Trade-off theory says the M&M world with taxes is partly right — the tax shield is valuable — but companies must balance it against financial distress costs. There’s an optimal debt-to-equity ratio where the marginal benefit of the tax shield equals the marginal cost of distress.

Pecking order theory says the information asymmetry assumption is the critical one. Because issuing equity signals that managers think the stock is overvalued, companies avoid it — preferring internal funds first, then debt, then equity last.

Both theories accept M&M’s core logic and simply identify which real-world frictions are most important.

M&M in Practice

You won’t use M&M directly in a DCF model or a deal negotiation. But the theorem’s implications show up everywhere:

WACC calculations. The WACC formula explicitly incorporates the tax shield via the (1 − T) adjustment on the debt component. That adjustment exists because of M&M with taxes.

Unlevering and relevering beta. When comparing companies with different capital structures, analysts unlever beta to strip out financing effects — then relever to the target structure. The Hamada equation used for this is derived directly from M&M Proposition II.

LBO analysis. The entire premise of a leveraged buyout — that you can enhance equity returns by replacing equity with debt — relies on the M&M insight that leverage amplifies returns (both up and down).

Key Takeaways

  • M&M Proposition I (no taxes): firm value is independent of capital structure. How you slice the cash flow pie doesn’t change its size.
  • M&M Proposition II (no taxes): the cost of equity rises linearly with leverage, exactly offsetting the benefit of cheaper debt. WACC stays constant.
  • With taxes, the interest tax shield (T × D) increases firm value — creating a real incentive to use debt.
  • Real-world frictions like bankruptcy costs, information asymmetry, and agency problems explain why companies don’t maximize debt.
  • The trade-off theory and pecking order theory are both built on top of M&M’s framework.

Frequently Asked Questions

Is the Modigliani-Miller theorem still relevant?
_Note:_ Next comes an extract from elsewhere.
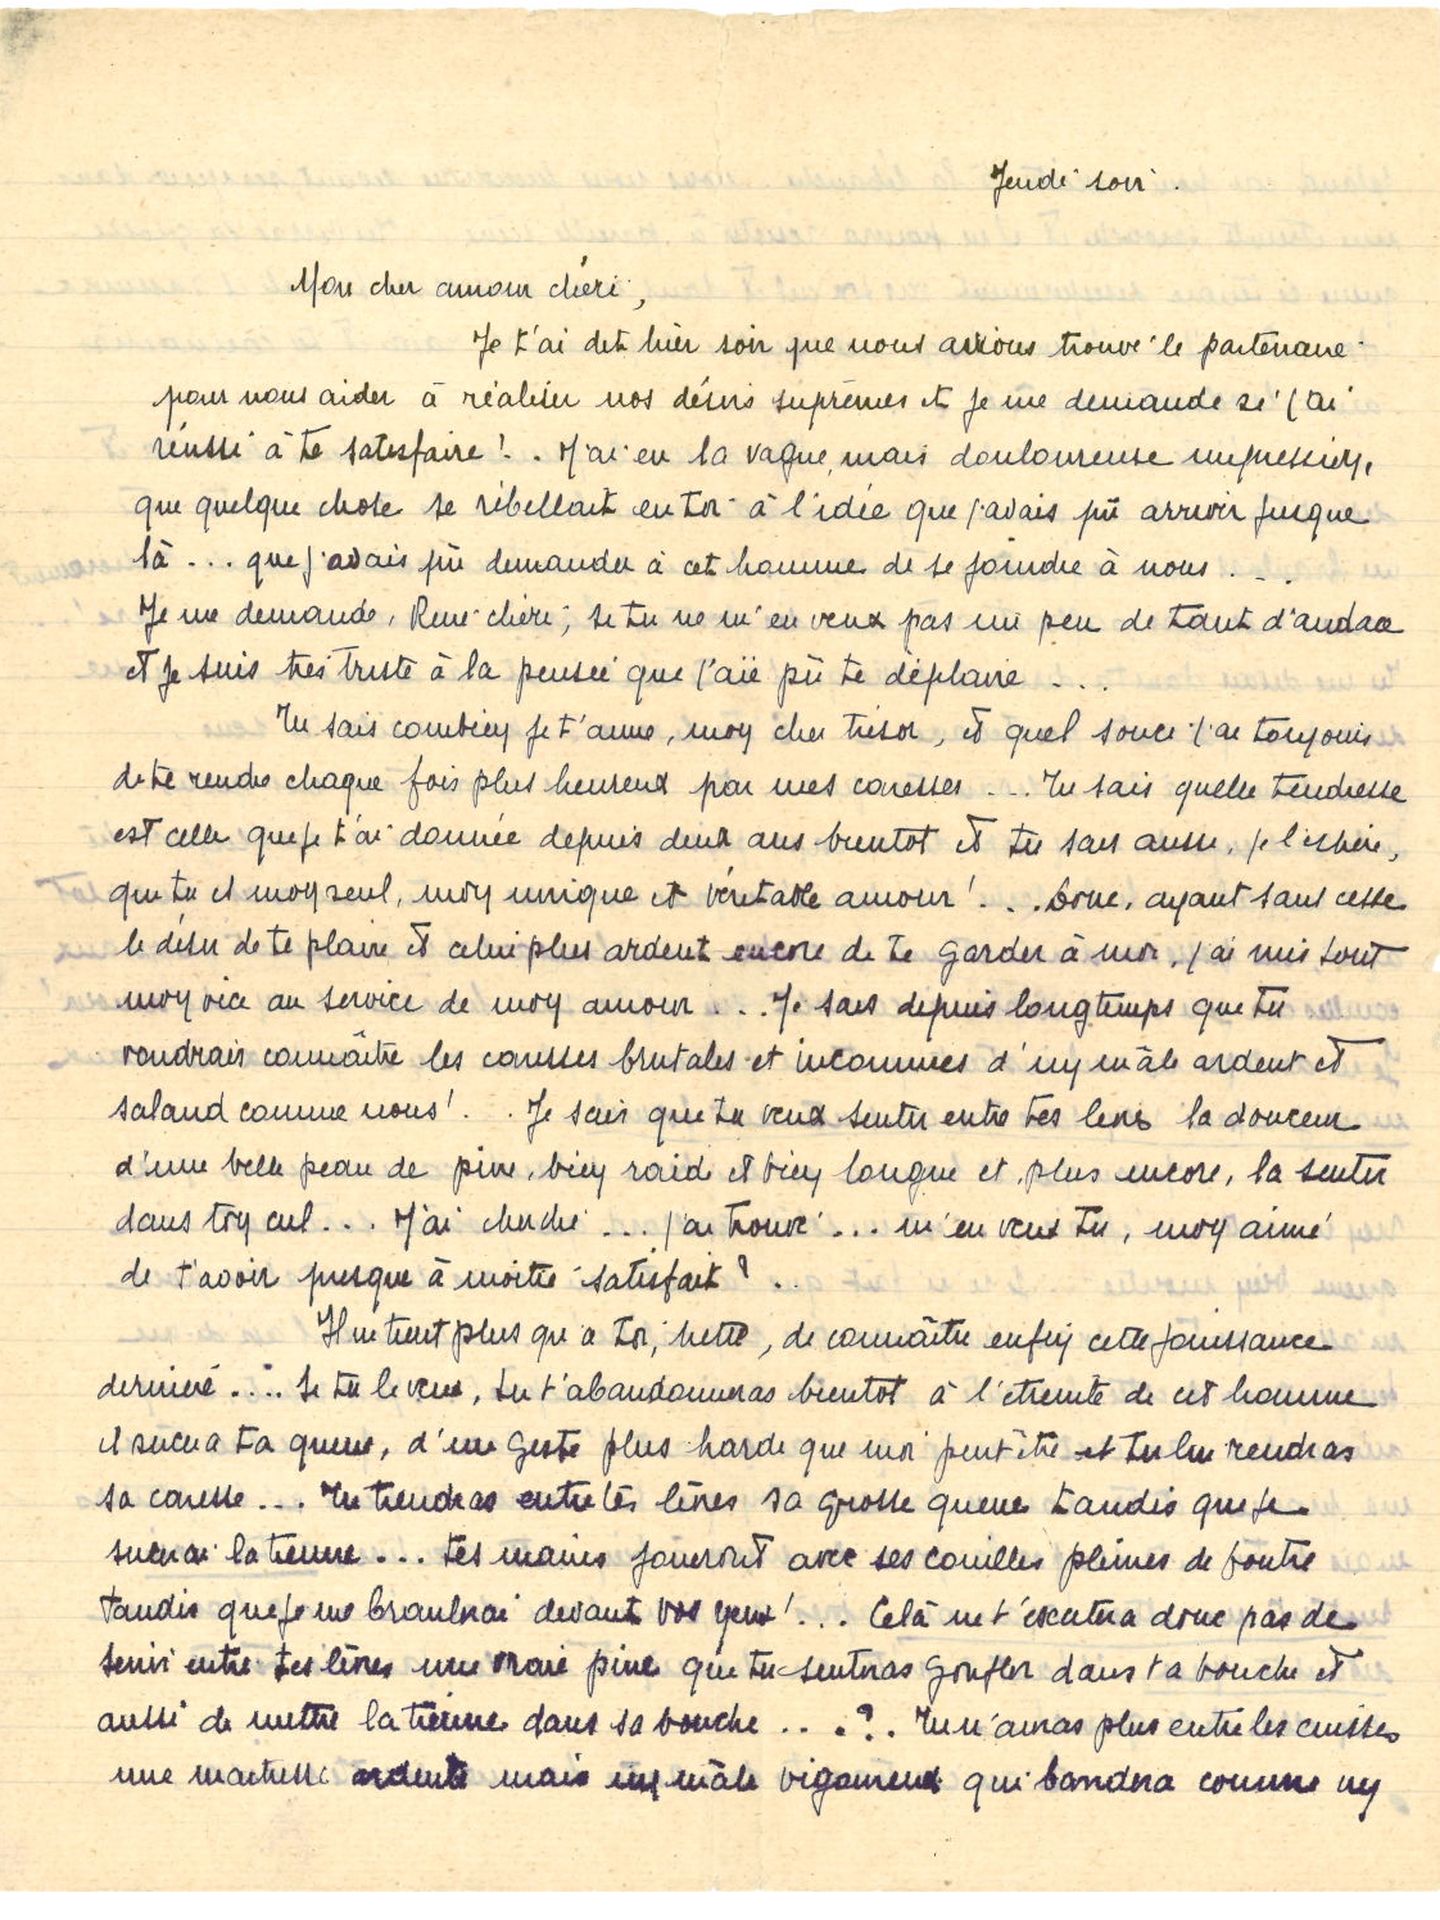 Una de las cartas escritas por Mademoiselle S. a finales de los años veinte

Absolutely. Not because its assumptions hold in the real world — they don’t — but because it establishes the logical framework for all capital structure analysis. If you can’t explain why M&M breaks down, you can’t properly evaluate why one capital structure is better than another.

What is the M&M tax shield?

It’s the present value of tax savings from deducting interest payments. Under M&M with taxes, the tax shield equals the tax rate times the value of debt (T × D). This is the fundamental reason debt financing is cheaper than equity — the government effectively subsidizes interest payments.

If M&M says capital structure doesn’t matter, why do companies care about it?

Because M&M only holds under perfect market conditions. In reality, taxes make debt attractive (through the tax shield), but bankruptcy costs, covenant restrictions, and information asymmetry create real costs to excessive leverage. Companies care about capital structure precisely because the M&M assumptions don’t hold.

What is homemade leverage in M&M?

It’s the idea that if investors disagree with a company’s leverage choice, they can replicate the desired level personally by borrowing or lending on their own. This makes corporate leverage decisions irrelevant to individual investors — but only if individuals can borrow at the same rate as corporations, which they typically can’t.

Did Modigliani and Miller win the Nobel Prize?

Both did, though not jointly for M&M specifically. Franco Modigliani won the Nobel in Economics in 1985, and Merton Miller won in 1990. Their capital structure work was cited as a key contribution for both awards.